Russia's proposal to pump gas to the Turkish-Greek border and from 2019 to cease using Ukraine as its main energy transit route to Europe is in breach of legally binding contracts and is economically flawed, the EU's energy chief said Wednesday.
At the start of December, Russia announced it was scrapping its South Stream pipeline to carry gas to southern Europe and instead named Turkey as its preferred partner for an alternative route named Turkish Stream.
Russia's state gas company Gazprom has since said that from 2019 Ukraine would no longer be a gas transit route to the European Union.
European Commission Vice President Maros Sefcovic said he raised the issue during talks in Moscow last month and questioned whether it could be economically viable to deliver suddenly the huge volumes shipped via Ukraine to a different destination.
"I asked how this should be possible and how this could be in accordance with long-term contracts which EU companies have," he said, adding that these contracts had clauses that determined the place where the gas would arrive.
He did not say what the Russian response was, although he said there was a need to continue discussion to "come back to a more rational debate."

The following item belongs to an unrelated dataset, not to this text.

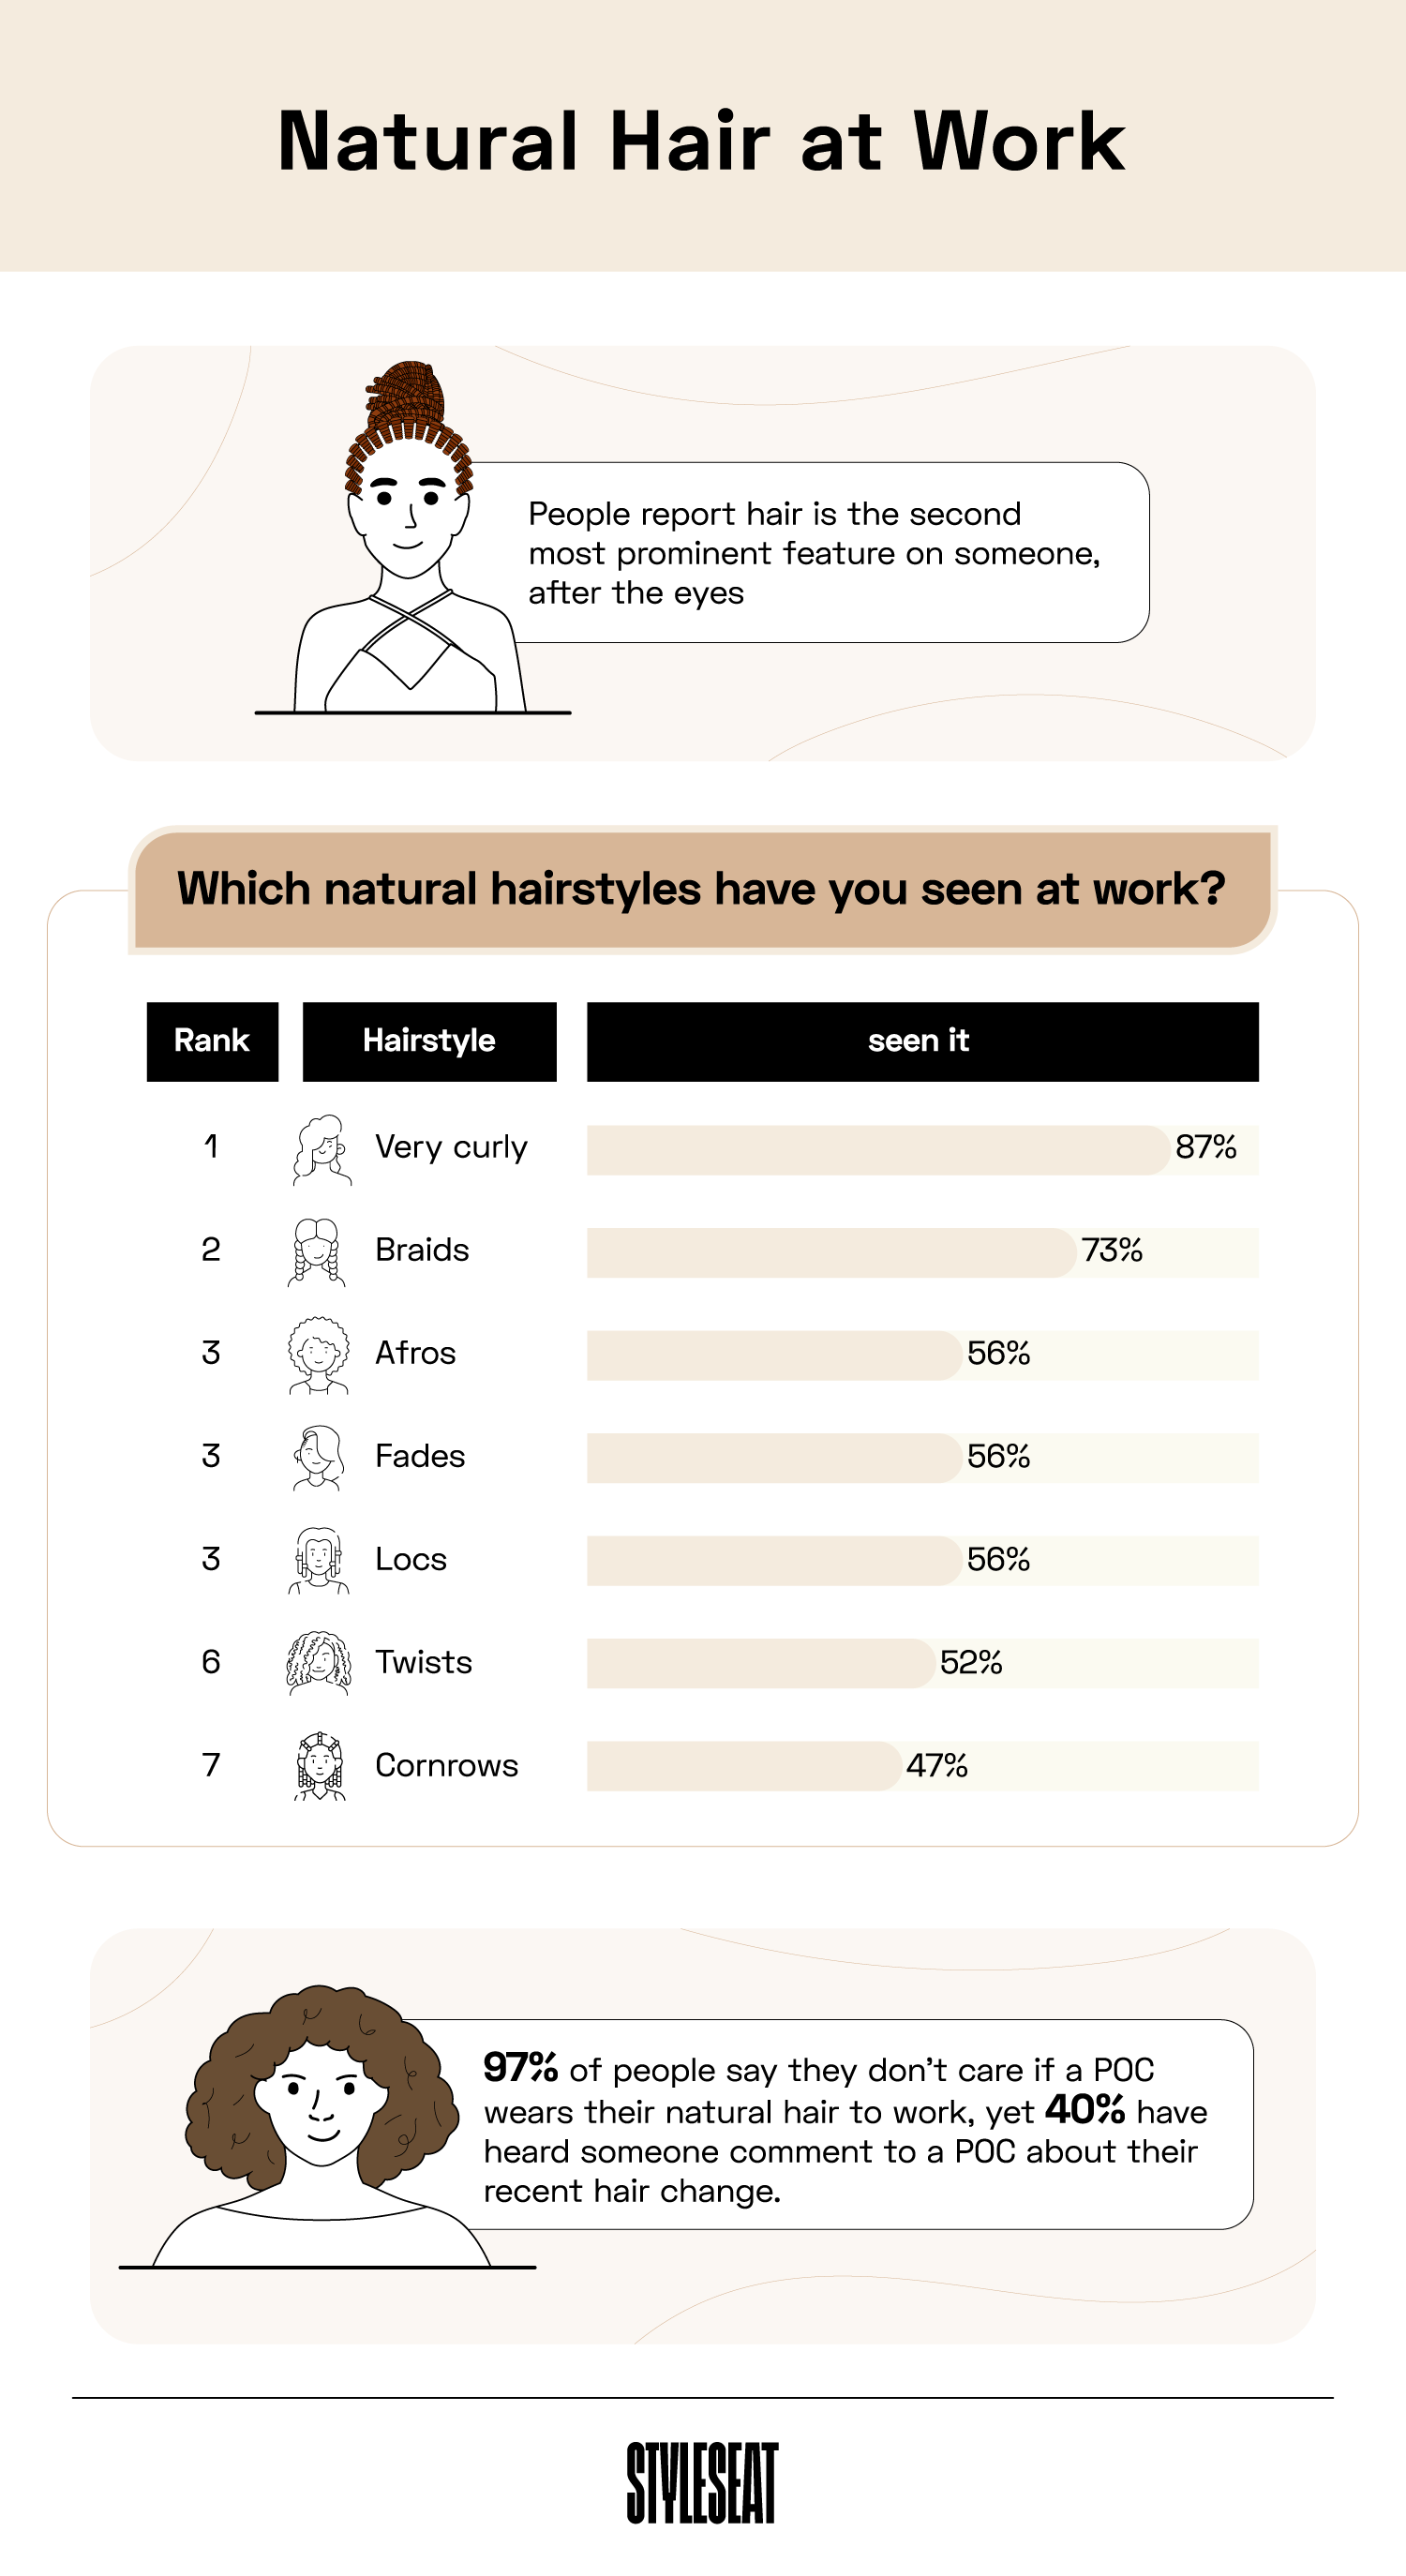 most common natural hairstyles people have seen at work

Relations between Moscow and Brussels have deteriorated since Russia annexed the Crimea region of Ukraine in March last year.
Adding to the complexity of the conflict between Russia and Ukraine, Russia last year cut off gas supplies to Kiev because of unpaid gas bills.
An agreement brokered by the European Commission in October last year has only provided a solution until the end of March, raising the risk of further disruption.